Still, a solution has emerged in the form of "large receive offload" (LRO), which takes a very similar approach: incoming packets are merged at reception time so that the operating system sees far fewer of them. This merging can be done either in the driver or in the hardware; even LRO emulation in the driver has performance benefits. LRO is widely supported by 10G drivers under Linux.
But LRO is a bit of a flawed solution, according to Herbert; the real problem is that it "merges everything in sight." This transformation is lossy; if there are important differences between the headers in incoming packets, those differences will be lost. And that breaks things. If a system is serving as a router, it really should not be changing the headers on packets as they pass through. LRO can totally break satellite-based connections, where some very strange header tricks are done by providers to make the whole thing work. And bridging breaks, which is a serious problem: most virtualization setups use a virtual network bridge between the host and its clients. One might simply avoid using LRO in such situations, but these also tend to be the workloads that one really wants to optimize. Virtualized networking, in particular, is already slower; any possible optimization in this area is much needed.

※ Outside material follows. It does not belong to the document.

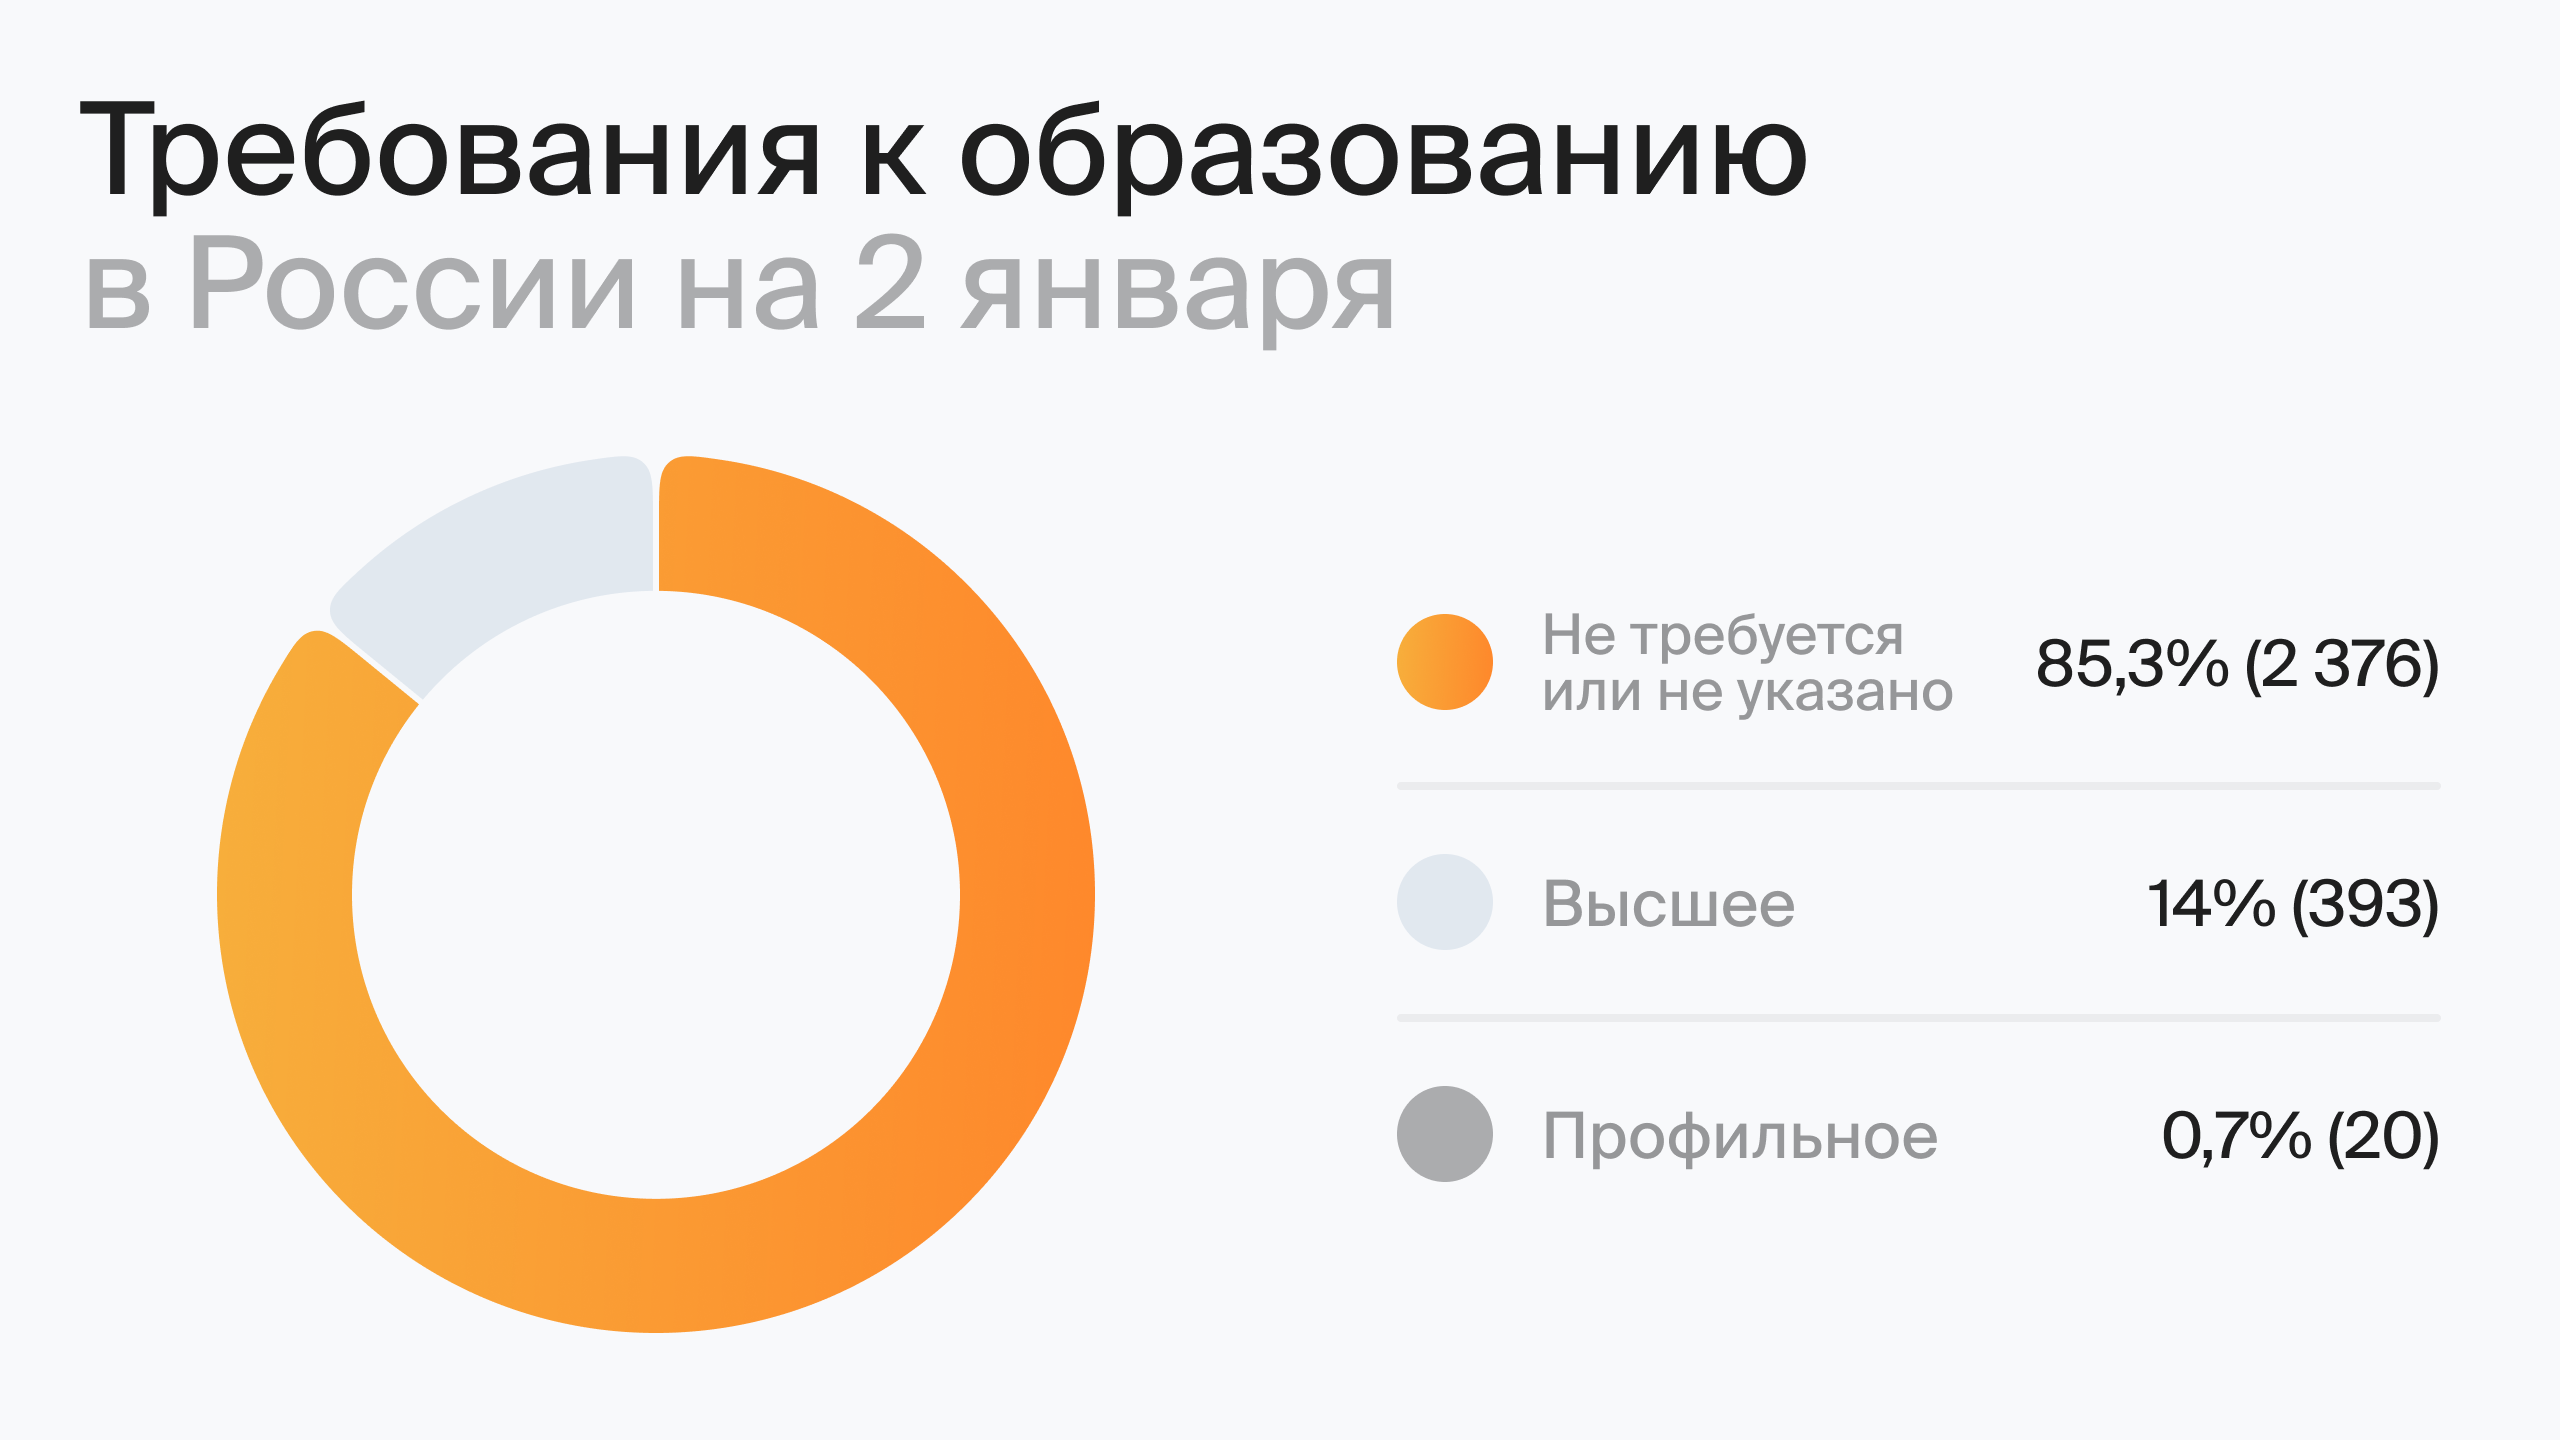 Требования к образованию в России на 2 января (по данным hh.ru)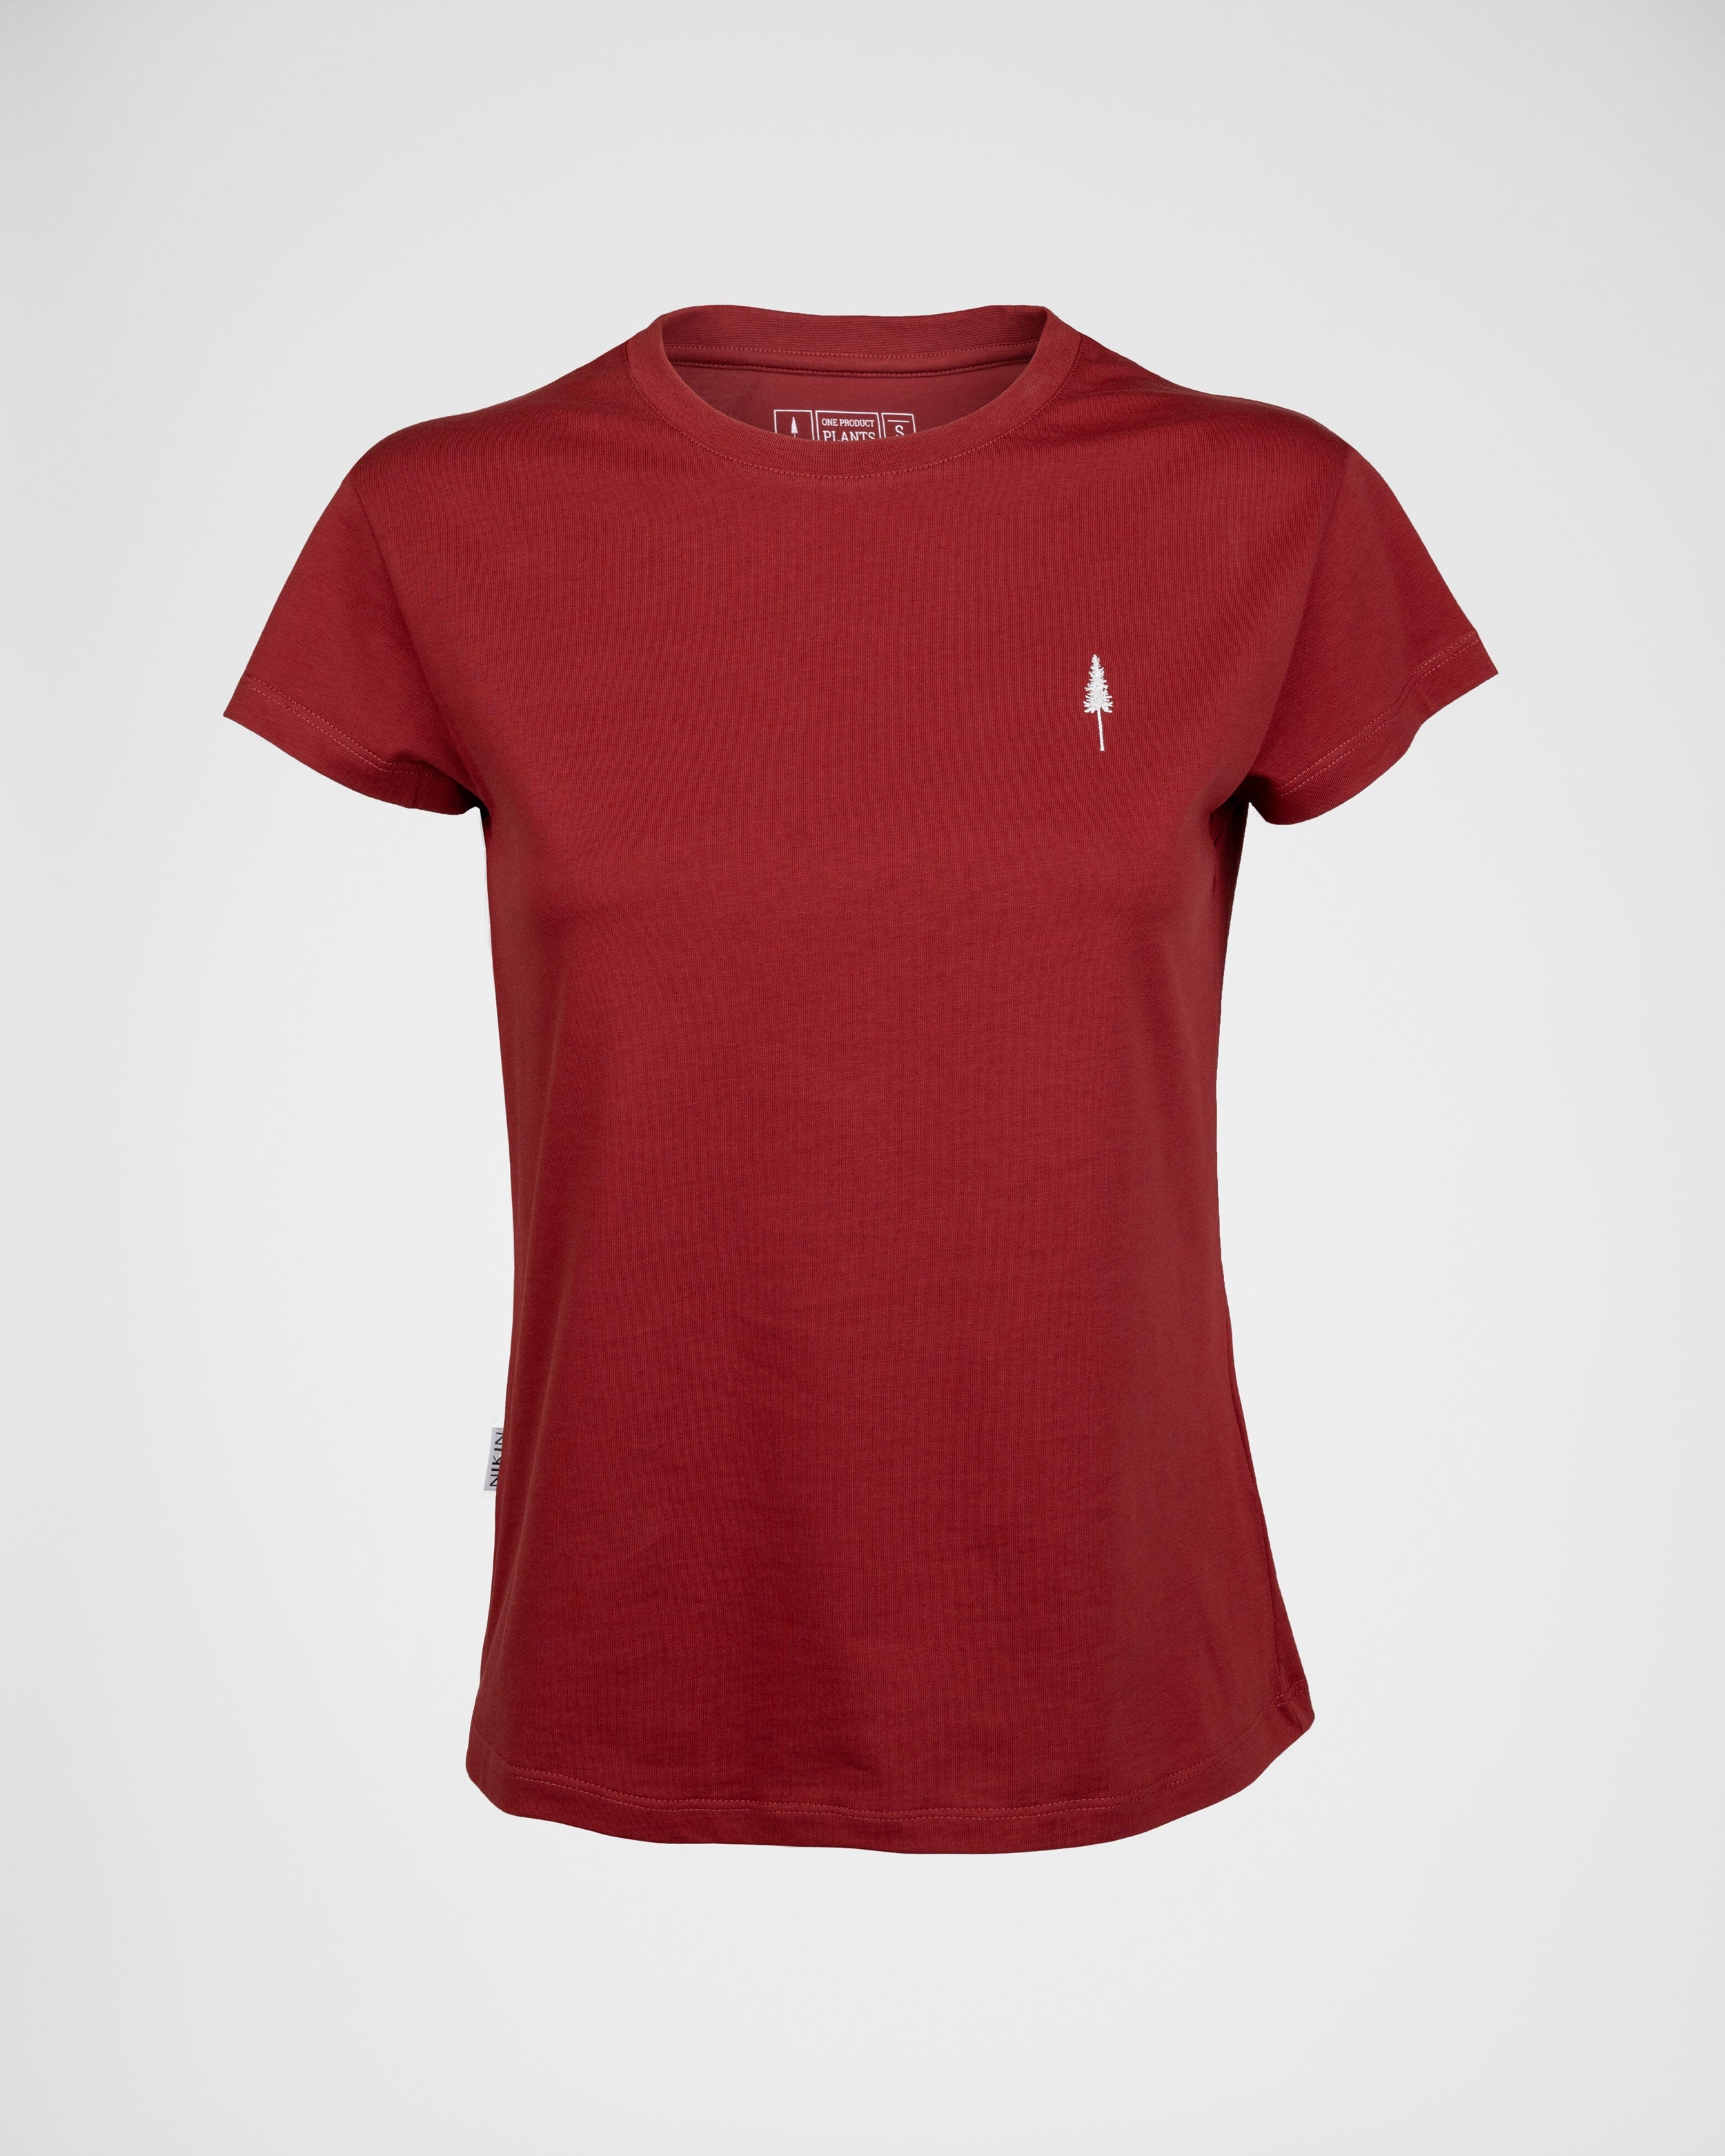 Women's organic cotton T-shirt Treeshirt Red

The solution is generic receive offload (GRO). In GRO, the criteria for which packets can be merged is greatly restricted; the MAC headers must be identical and only a few TCP or IP headers can differ. In fact, the set of headers which can differ is severely restricted: checksums are necessarily different, and the IP ID field is allowed to increment. Even the TCP timestamps must be identical, which is less of a restriction than it may seem; the timestamp is a relatively low-resolution field, so it's not uncommon for lots of packets to have the same timestamp. As a result of these restrictions, merged packets can be resegmented losslessly; as an added benefit, the GSO code can be used to perform resegmentation.
One other nice thing about GRO is that, unlike LRO, it is not limited to TCP/IPv4.